By the way, σ measurements are also used in many engineering jobs, and quality systems measurements. The kind of industry "goal" is to get 6σ (let's say when you manufacture consumer goods in large quantities, like millions every month). But for some other industries, 9σ is the benchmark - and from what I know, air companies have quality systems up to 9σ to ensure the lowest risk of something wrong happening.



How can they possibly have up to 9 sigma? 6 sigma is a failure rate about 1 in 10 billion, whereas 9 sigma would be 1 in 10^19 or so! That's oddly similar to the number of grains of sand on the earth![1]

[1] http://www.hawaii.edu/suremath/jsand.html


The math will happily pop out absurd numbers.
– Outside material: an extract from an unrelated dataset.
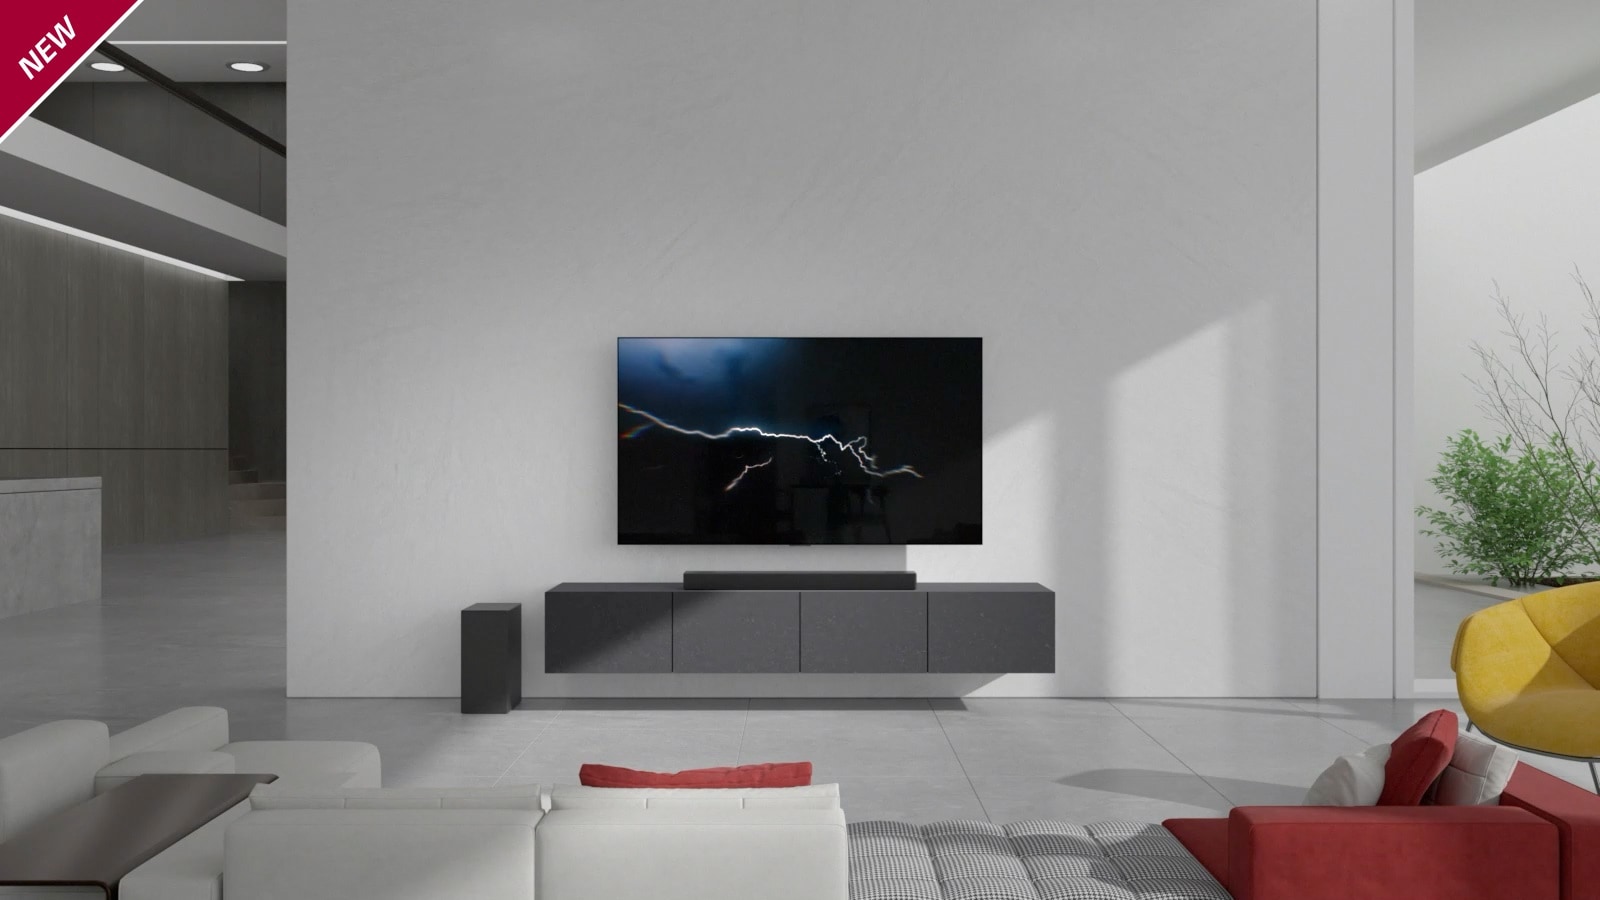 Soundbar je umístěn na šedém televizním stolku a televizor je namontován na stěně obývacího pokoje nad ním. Vlevo na podlaze je položen bezdrátový subwoofer a zprava do místnosti vniká sluneční světlo. Naproti televizoru LG a soundbaru se nachází pohovka v bílé a červené barvě. V levém horním rohu je umístěn nápis NOVINKA.
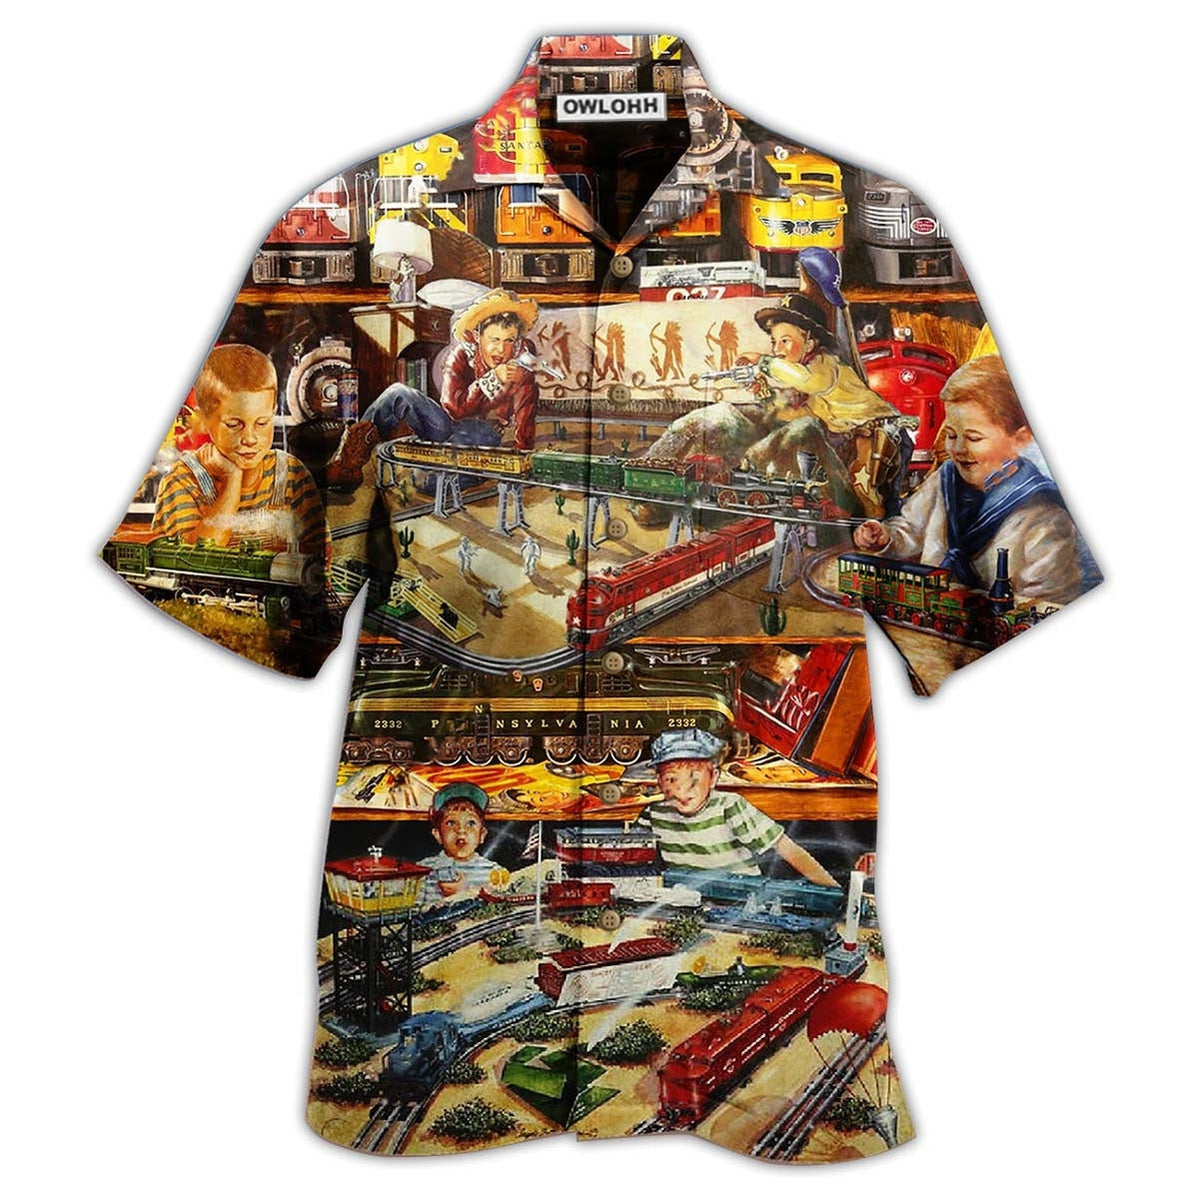 Hawaiian Shirt / Adults / S Train Toys Amazing Vintage Style - Hawaiian Shirt - Owls Matrix LTD

Remember that all stats carry assumptions with them, such as "this is a Gaussian process from negative to positive infinity" and "everything is absolutely perfectly independent" and other things that break down if your push them hard enough. What that is telling you is just how hard you're pushing the math rather than the real odds. I'm not 1 in 10^19 sure of anything.


Where did you get your failure rate at 6 sigma to be 1 in 10 billion ??

6 Sigma is 3.4 defects per million opportunities. http://en.wikipedia.org/wiki/Six_Sigma


Yeah, I doubt most pilots have failure rates anywhere near or above 4 sigma.


That's not about pilots. It's about equipment failure rates.